Channel 4’s Dirty Business is a clarion call to nationalise the water industry | Water

There’s a moment in Channel 4 drama Dirty Business where Julie Maughan holds the body of her dead child and lets out an anguished cry. It’s as brutal as it is convincing.
Her daughter Heather, aged eight, had just died in hospital, two weeks after playing in the sea on Dawlish Warren beach in Devon, where she contracted E.coli O157, a bug originating from raw sewage. She became ill, suffering from diarrhea and bleeding. Transferred to Bristol Children’s Hospital, her parents agreed to turn off her life support machine after she suffered kidney failure and brain damage.
The cause of his infection was not identified and a jury ultimately returned a verdict of misadventure. At his inquest, the coroner made calls for action to tackle sewage pollution on England’s beaches.
It’s a shocking scene from the drama broadcast on Monday, which expertly guides the viewer through what its writer and director, Joe Bullman, believes is the biggest corporate scandal in British history.
The shock was compounded by Heather’s death in 1999, ten years after Margaret Thatcher privatized the water sector, promising increased investment, greater efficiency, lower consumer bills and better service.
Yet today, 27 years after Heather’s death, as the Guardian revealed, the privatized water industry is owned by a mix of private hedge funds, sovereign wealth funds and pension funds. Sewage pollution is at record levels, businesses are drowning in debts of £60 billion, built up in part to pay shareholder dividends of £78 billion, and infrastructure is left to rot.
In the late 90s, when Heather died, Surfers Against Sewage was fighting to clean up Britain’s seas, which water companies were polluting with hundreds of millions of gallons of raw sewage a day in what was called ‘pump and dump’.
Surfers, who frequently paddled in gas masks through feces, condoms and sanitary products, made T-shirts reading “sick of being sick” and adopted combative tactics to take on the water industry.
Improvements were gradually made with the adoption of the European Urban Wastewater Directive, which introduced comprehensive treatment of wastewater around the coasts of England and Wales.
Rivers, however, were not part of the cleanup. Raw sewage has continued to flow into once-crystalline chalk streams, mighty tidal rivers and local waterways in the decades since the EU directive came into force.
When the Guardian began exposing the shocking state of England’s rivers as a result of sewage pollution, the response from the regulator, the Environment Agency, was: “Well, no one swims in the rivers.” »
Not to mention the deliberate disregard for wildlife and habitats in and around our rivers, the apathy was astonishing.
Just like in the 90s, it took local campaigners and campaigners who saw clear evidence that water companies were treating rivers like open sewers to force the EA, the water industry regulator, Ofwat, and politicians, to take note of the evidence they were uncovering.

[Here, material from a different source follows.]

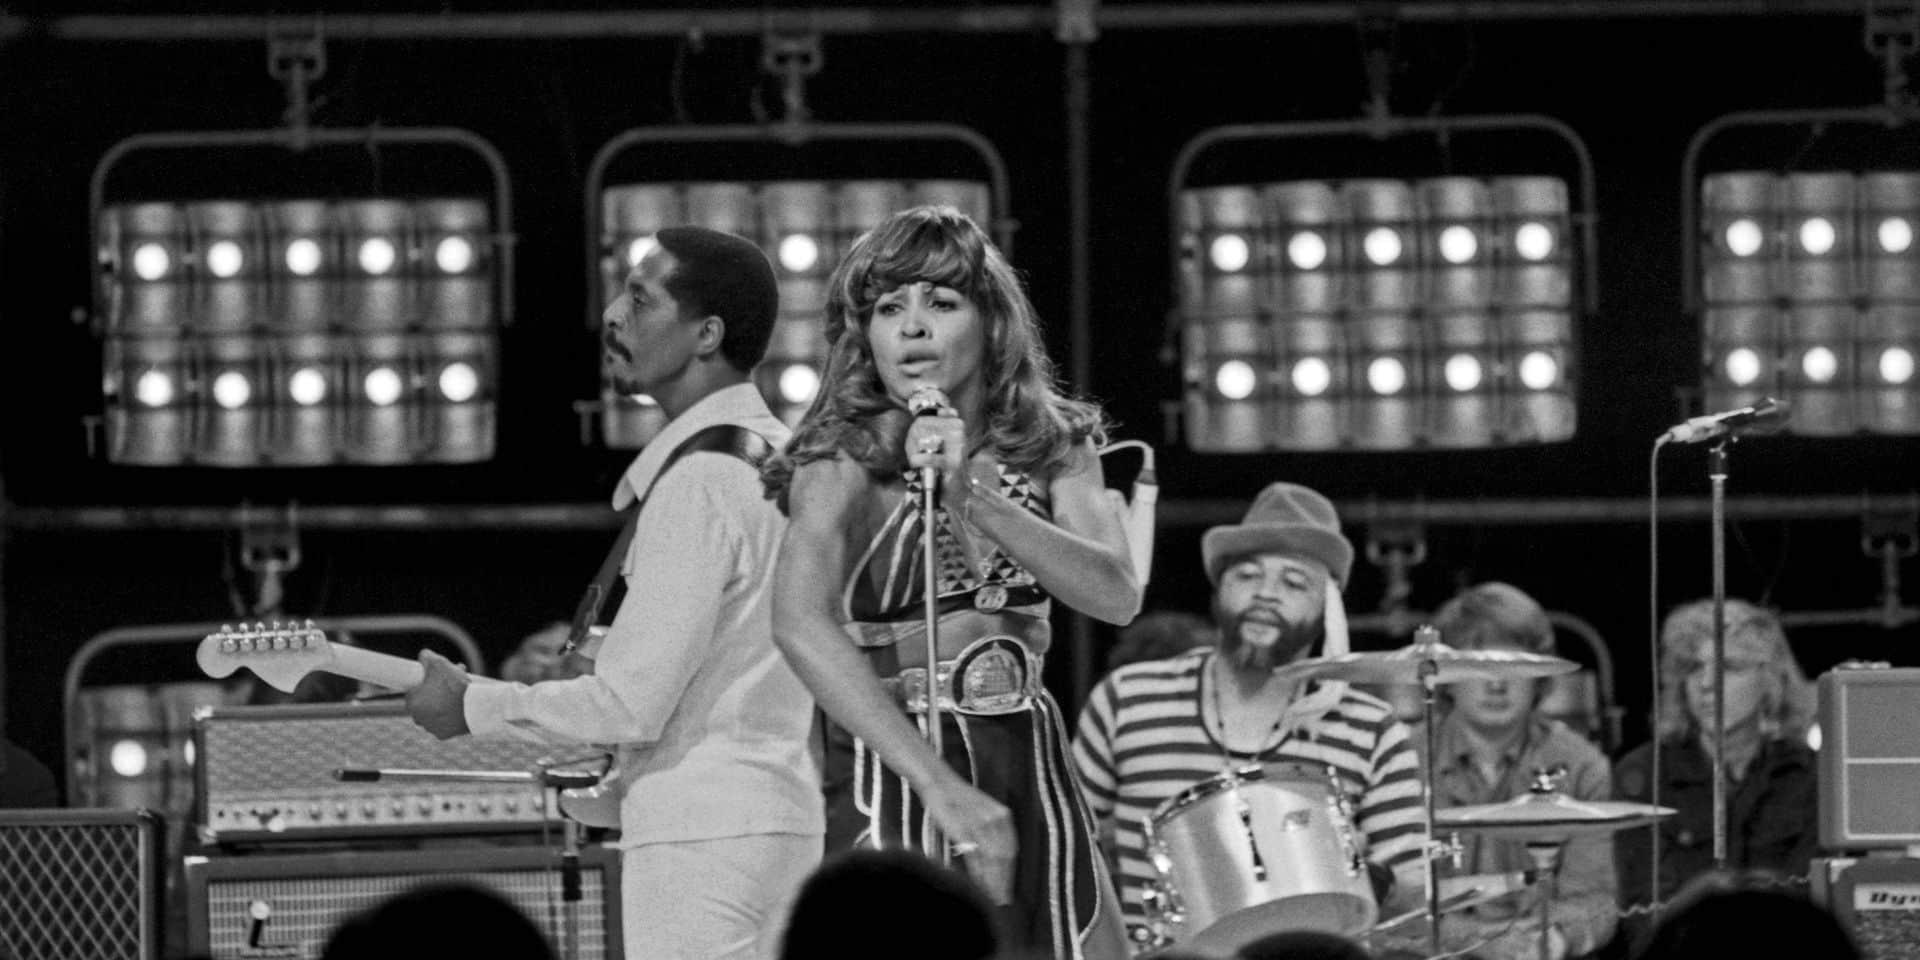 Ike und Tina Turner Das amerikanische Duo Ike und Tina Turner bei einem Fernsehauftritt Deutschland
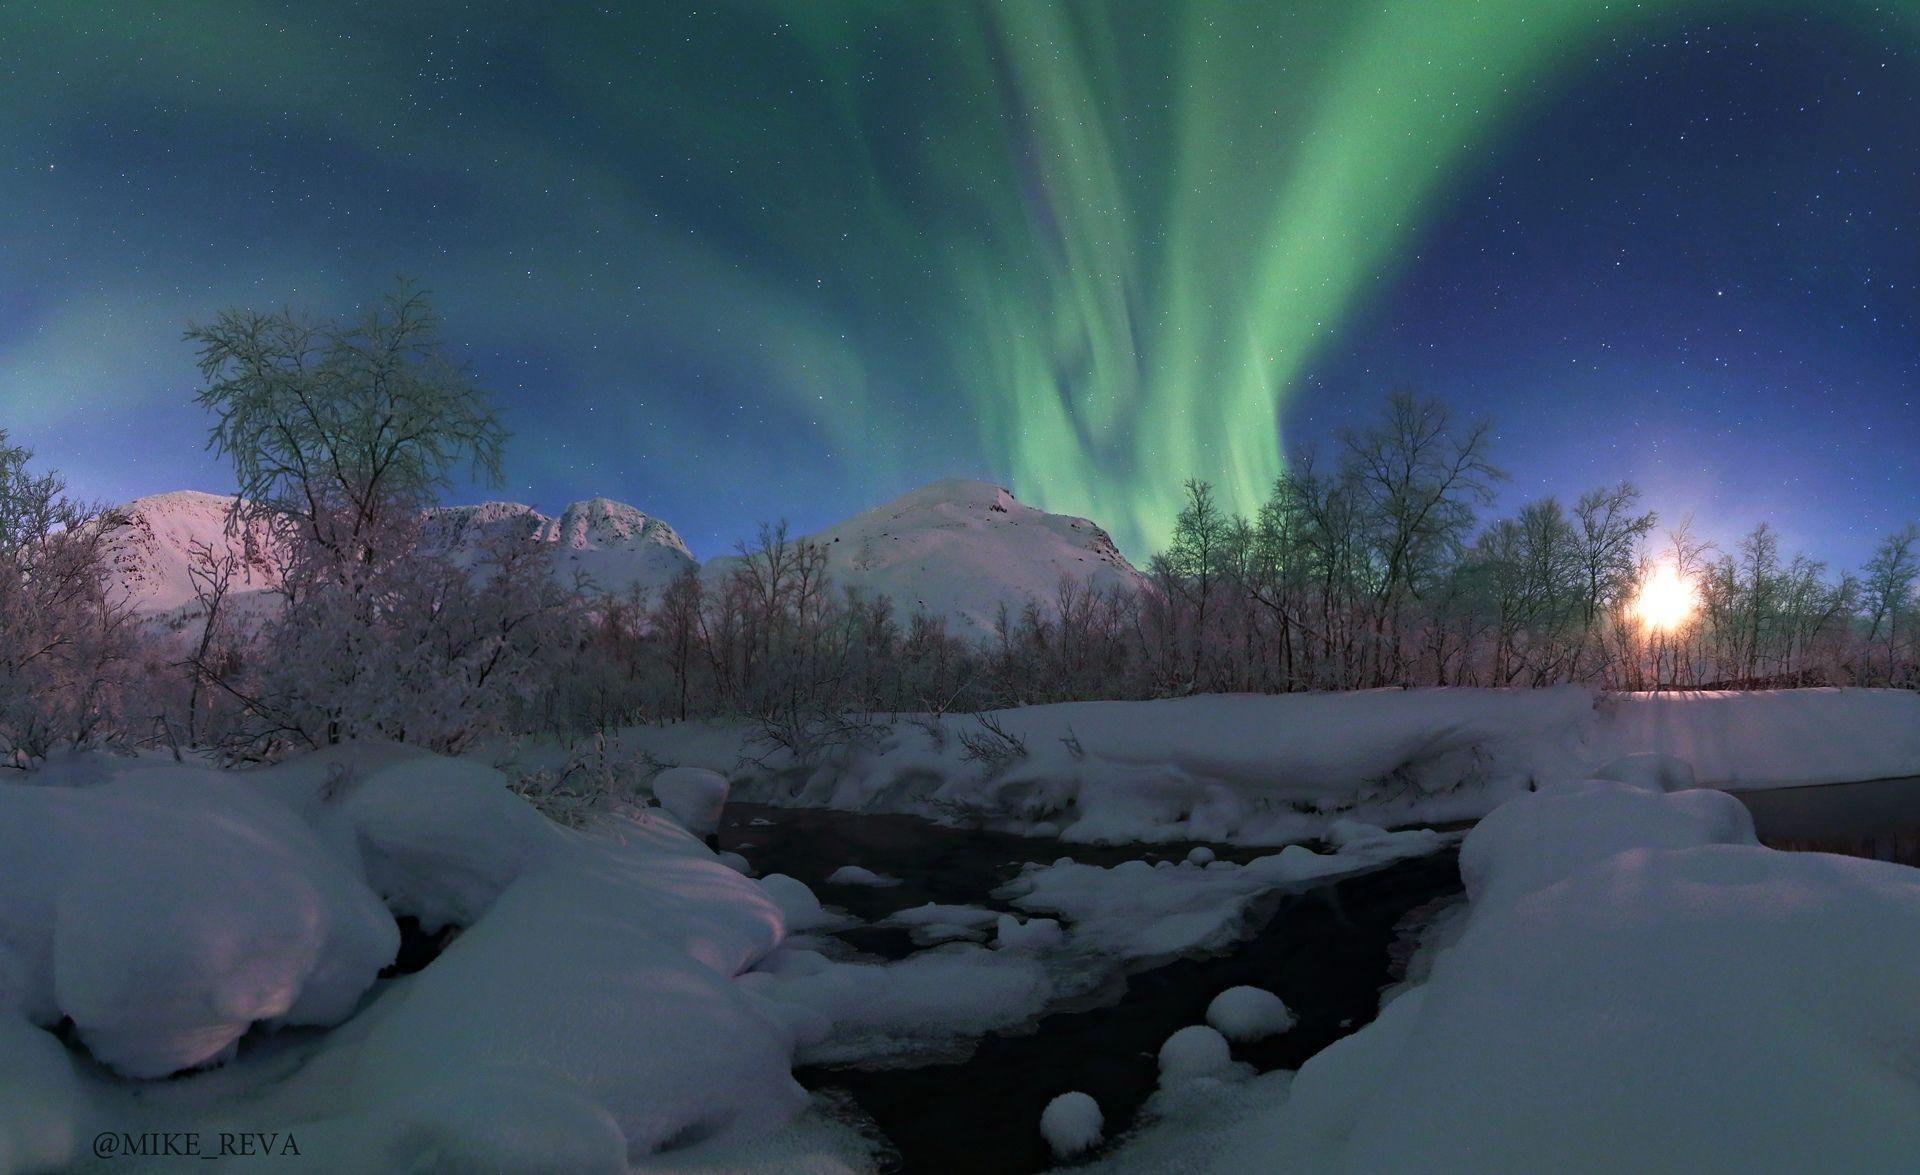 ночь ночной пейзаж астрофотография звезды созвездия хибины северное сияние, Рева Михаил

Two of these activists – Peter Hammond, a retired professor of computational biology, and Ash Smith, a retired police detective – carry the Dirty Business narrative.
Faced with an alarming decline in fish numbers in their local river, the Windrush in Witney, Oxfordshire, the pair embark on some detective work.
This leads them into the dark depths of Thames Water’s decades-long failure to invest in its treatment plants, pipes and pumping stations. It takes them into the heart of Westminster with evidence that illegal sewage discharges were at least 10 times higher than the regulator thought, and to the High Court where they are fighting for the public to have a say over the future of troubled Thames Water.
Today, they are still fighting.
With Thames Water on the brink of financial collapse, Hammond and Smith are pushing, alongside other campaigners, for the company to be placed into special administration, a form of temporary public control.
But Labor government ministers have so far refused to take this step. Instead, their vision for water in a draft white paper prefers to rely – as previous governments have done – on private equity and foreign investors to get Thames and other businesses out of the mess they find themselves in.
Desperate not to scare off the private sector, ministers are seriously considering allowing companies such as Thames – which was fined £104m for sewage dumping last year – to be exempt from future fines for polluting our seas and rivers, citing the need to give stability to investors.
One definition of insanity is doing the same thing repeatedly and expecting different results. But for Heather’s mother, Hammond, Smith and the other tenacious activists the Guardian has worked with who are not mentioned in the drama, the madness must stop.
“It’s our water industry, we pay the bills,” said Chris Hinds, the founder of Surfers Against Sewage, who supported Julie 27 years ago. “The pursuit of profit on our water must stop. It must become public property again.”